▶ ASSIGNMENT: To complete this task, print all the data below exactly but leave out the images.

START RAW DATA

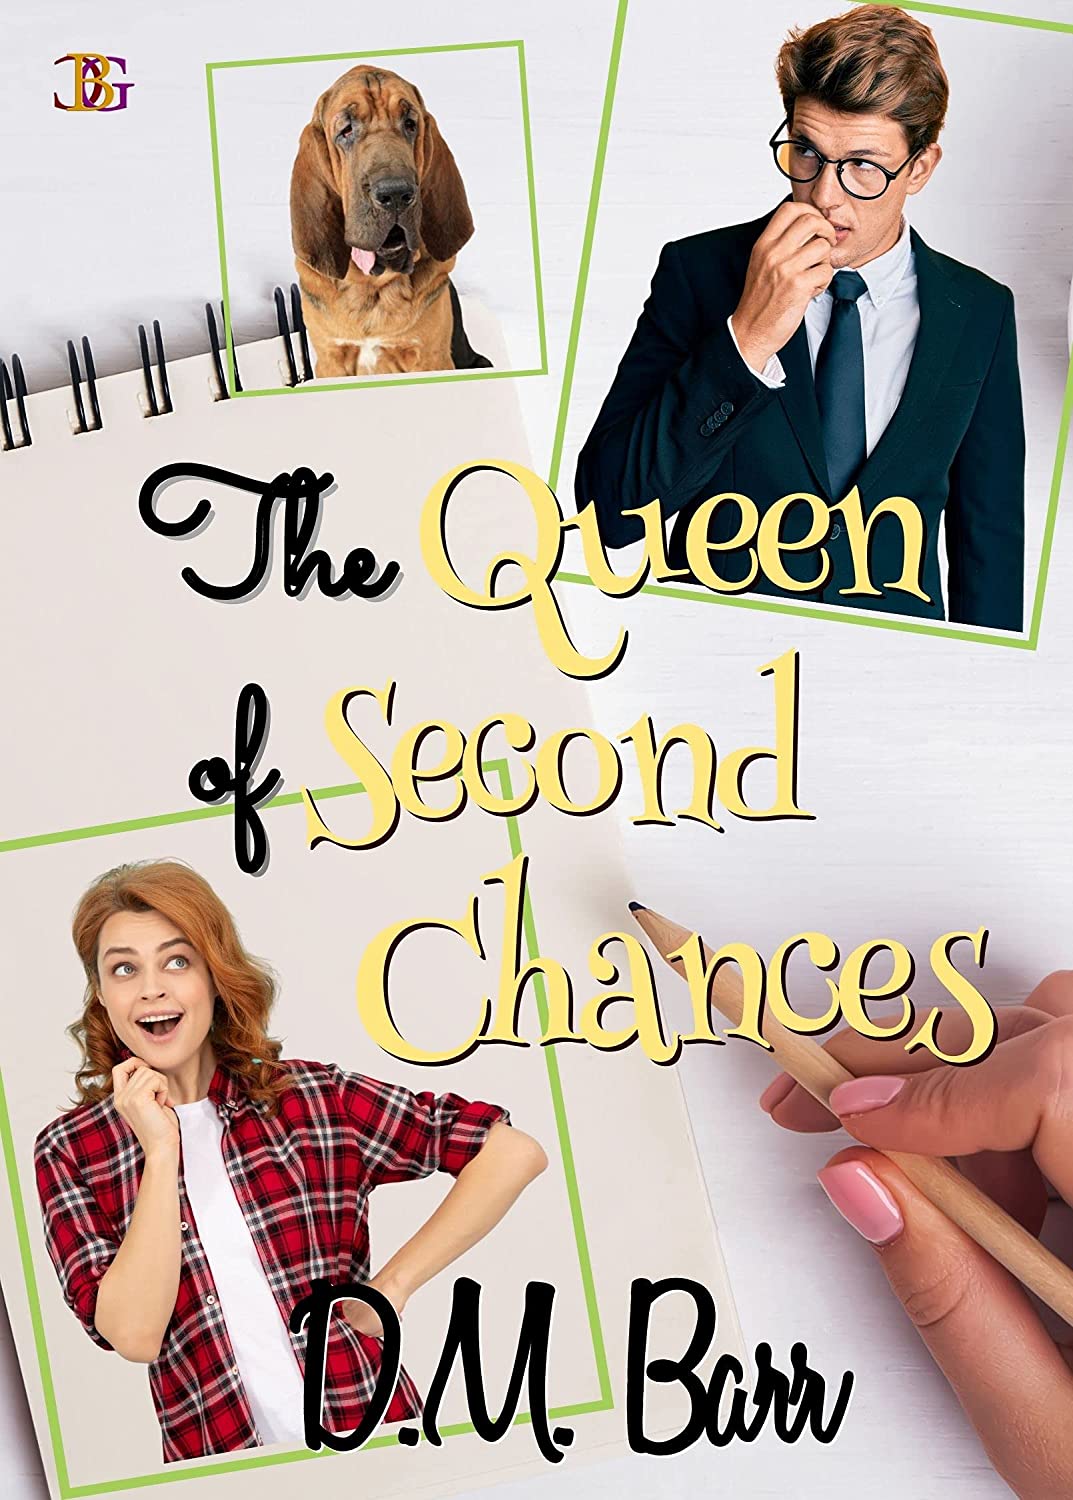 The Queen of Second Chances by D.M. Barr
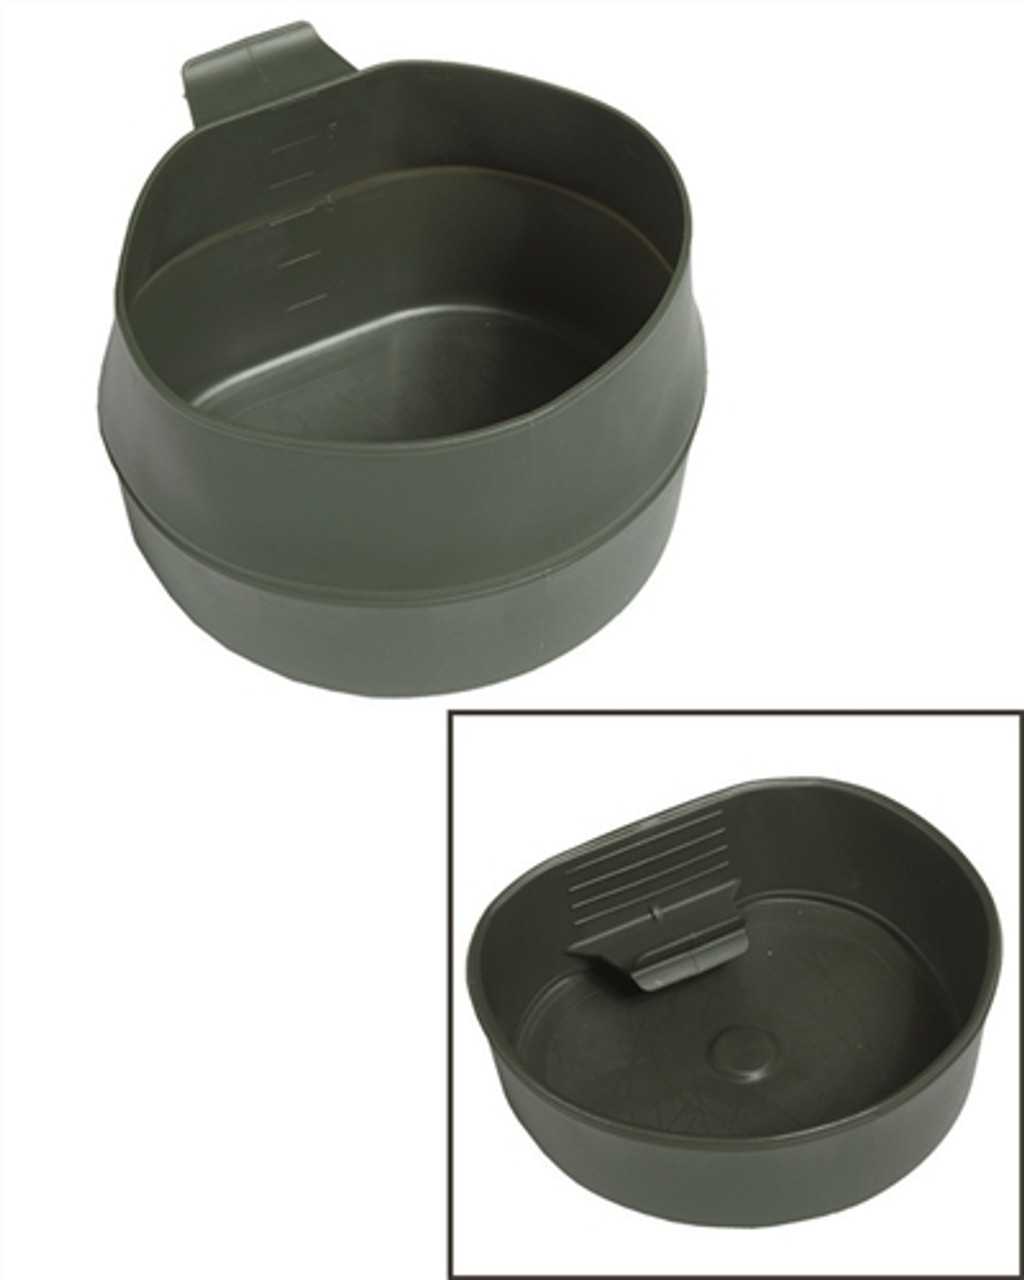 OD FOLD-A-CUP® COLLAPSIBLE CUP - 200 ML from Hessen Antique
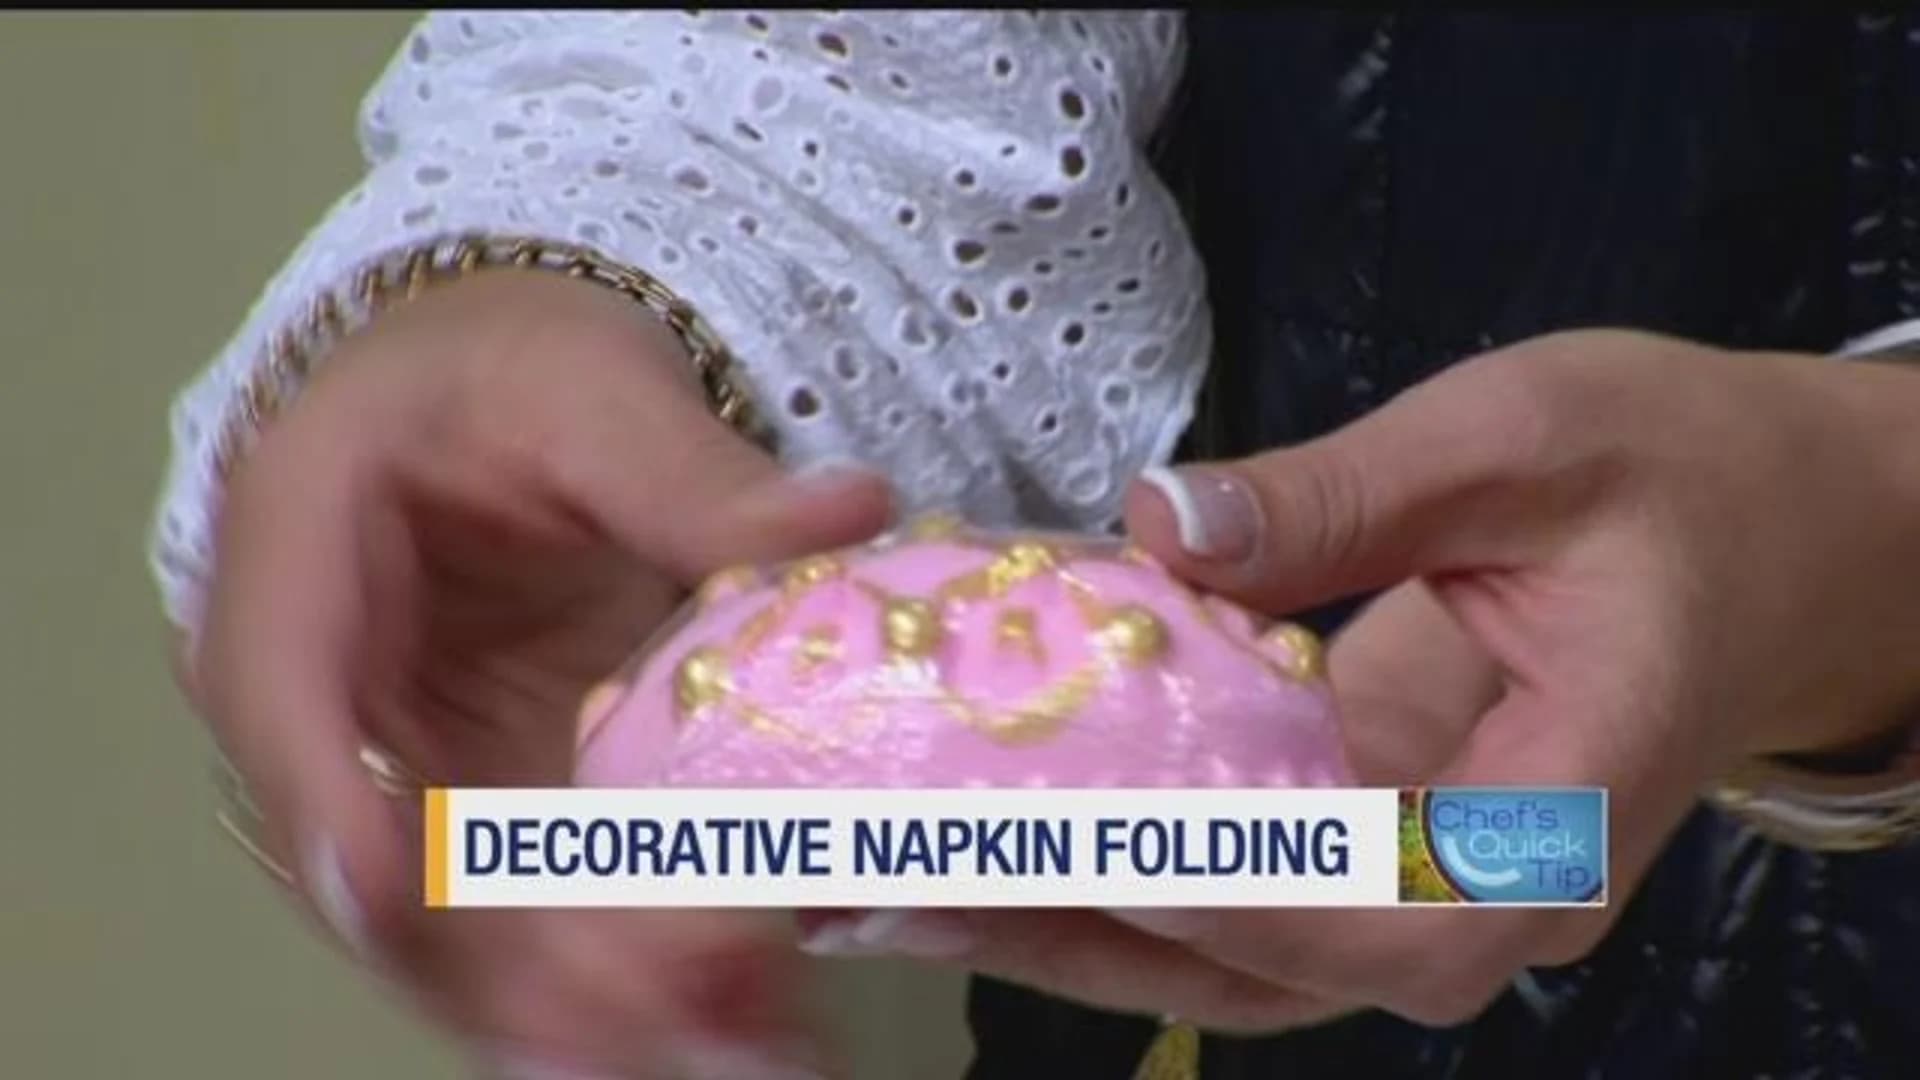 Chef's Quick Tips: Folding decorative Easter-themed napkins
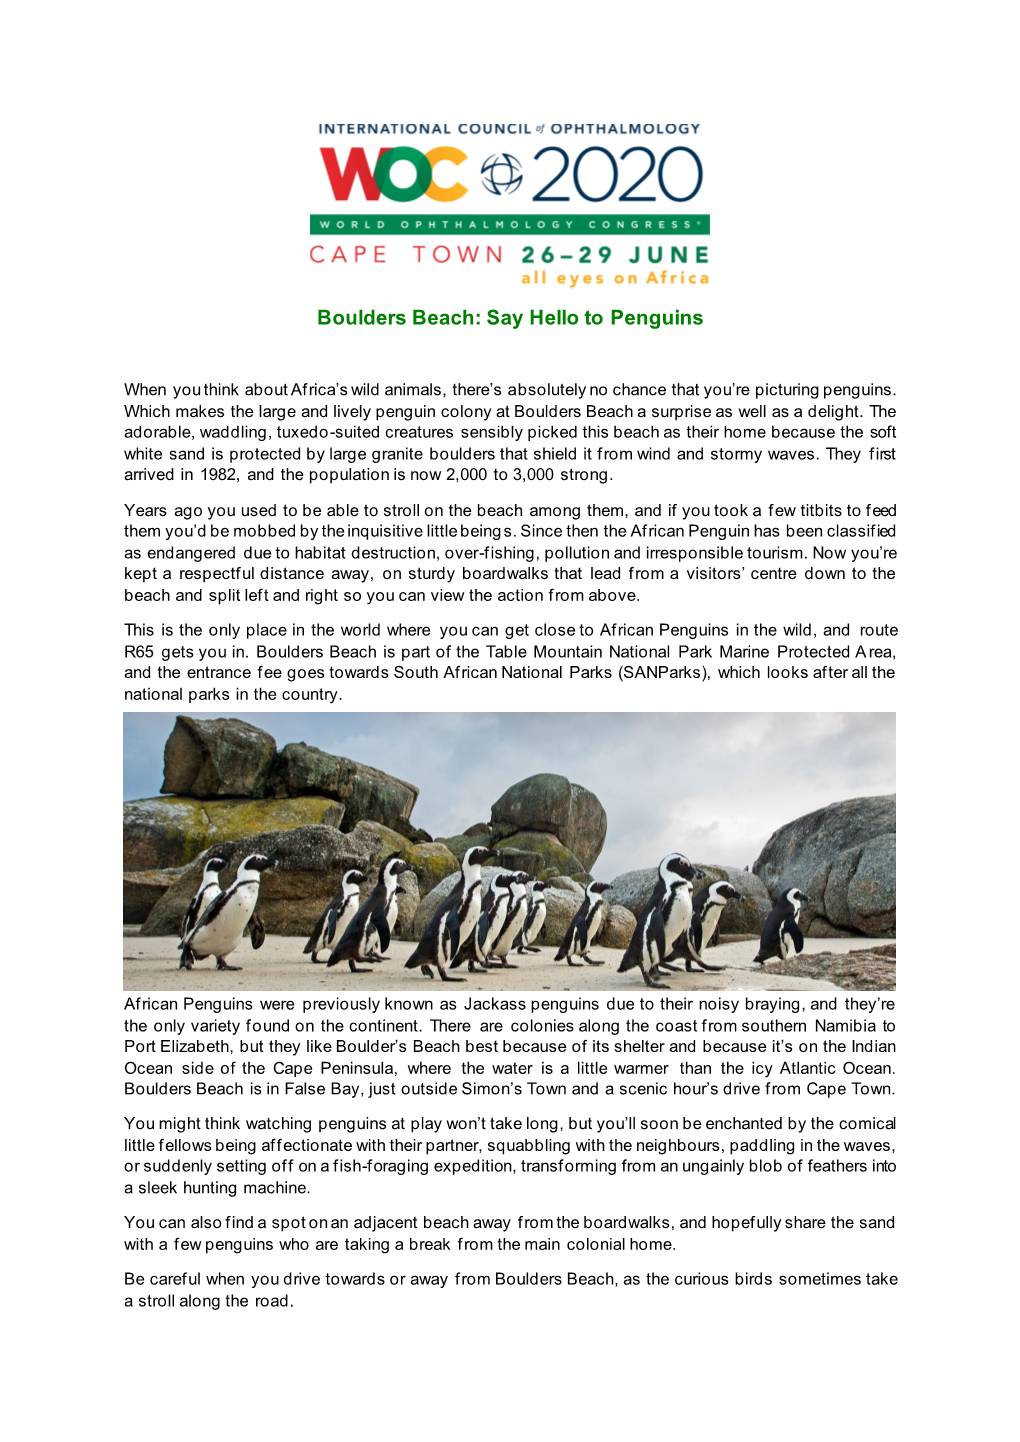 Boulders Beach: Say Hello to Penguins

END RAW DATA

▶ WRITTEN SOLUTION:
 The Queen of Second Chances by D.M. Barr
 OD FOLD-A-CUP® COLLAPSIBLE CUP - 200 ML from Hessen Antique
 Chef's Quick Tips: Folding decorative Easter-themed napkins
 Boulders Beach: Say Hello to Penguins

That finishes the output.